Sur l’asphalte, le tout-terrain est toujours aussi bavard, mais à l’usine, on considère que supprimer les bruits de transmission avec des moyens limités relève de la mission impossible. Il est néanmoins possible de maintenir une vitesse de croisière et l’ambiance sonore dans l’habitacle sur autoroute n’est pas insupportable : on peut même passer d’une ville à l’autre par voie rapide sans réduire l’allure à celle d’une tortue. Mais effectuer un long trajet au volant d’une Legend avec une direction sans consistance et à l’ergonomie peu optimale relève plutôt d’une solution imposée que d’un choix.
Comme auparavant, la « Legend » de VAZ est proposée avec des pare-chocs métalliques ou dans la version Urban, avec ses éléments de style en plastique. La modernisation a apporté des jantes alliage de 16 pouces au design inédit (réservées à l’« Urban »), mais les robustes roues en tôle restent disponibles sur la version d’entrée de gamme, au prix de 1,199,000 roubles.
Cette version de base dispose désormais de l’airbag frontal et du volant réglable en hauteur, mais aussi de vitres électriques, du verrouillage centralisé et, par exemple, d’une protection du carter moteur. En montant dans la gamme, on trouve des versions avec supplément pour la climatisation, le chauffage des sièges, les rétroviseurs à commande électrique, une autre sellerie et différents éléments de style. La Niva haut de gamme en finition Urban - avec antibrouillards intégrés au pare-chocs et présentation intérieure noire - coûte 1,365,000 roubles, soit 107,000 roubles de plus qu’auparavant.
Au final, il n’est pas vraiment pertinent de mesurer la « Legend » modernisée uniquement à l’aune de son prix : lorsqu’une voiture est toujours en production, elle doit évoluer dans le bon sens. Et l’ensemble des modifications, attendues depuis longtemps, est conséquent.

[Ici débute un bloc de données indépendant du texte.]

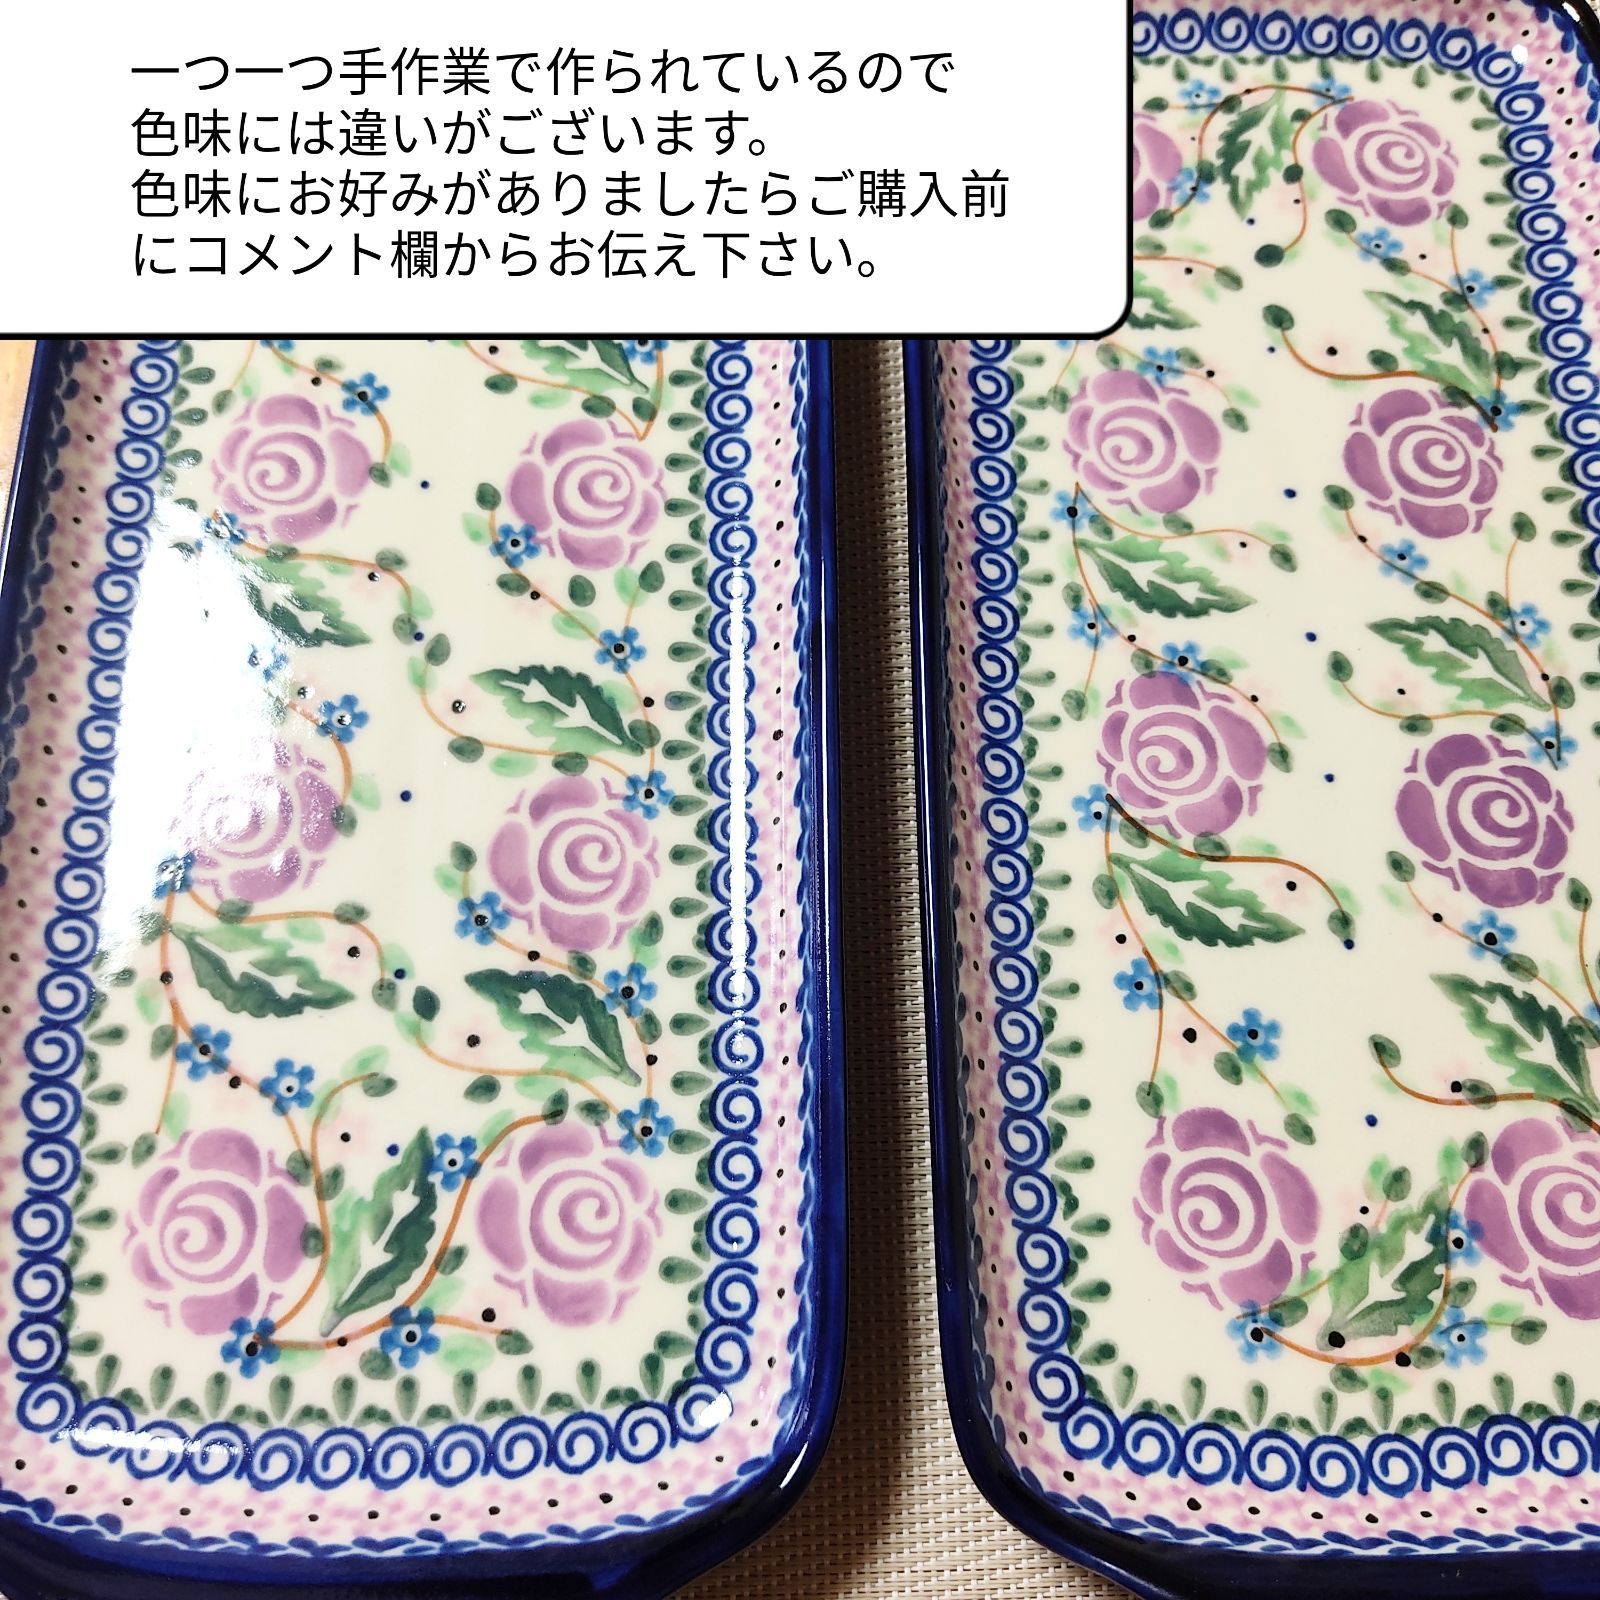 ポーリッシュポタリー ミレナ 紫の薔薇セット♡ - バーベキュー・調理用品

La mise en commun des composants entre les deux Niva est également une bonne chose, et elle devrait encore être approfondie. Mais surtout, presque toutes les modifications apportées à cette trois-portes seront accueillies chaleureusement par son public. Le seul reproche que l’on puisse facilement prévoir et formuler à l’égard de ce tout-terrain qui a dépassé l’âge de la retraite tient en quelques mots : « On en veut encore plus, du nouveau ! ».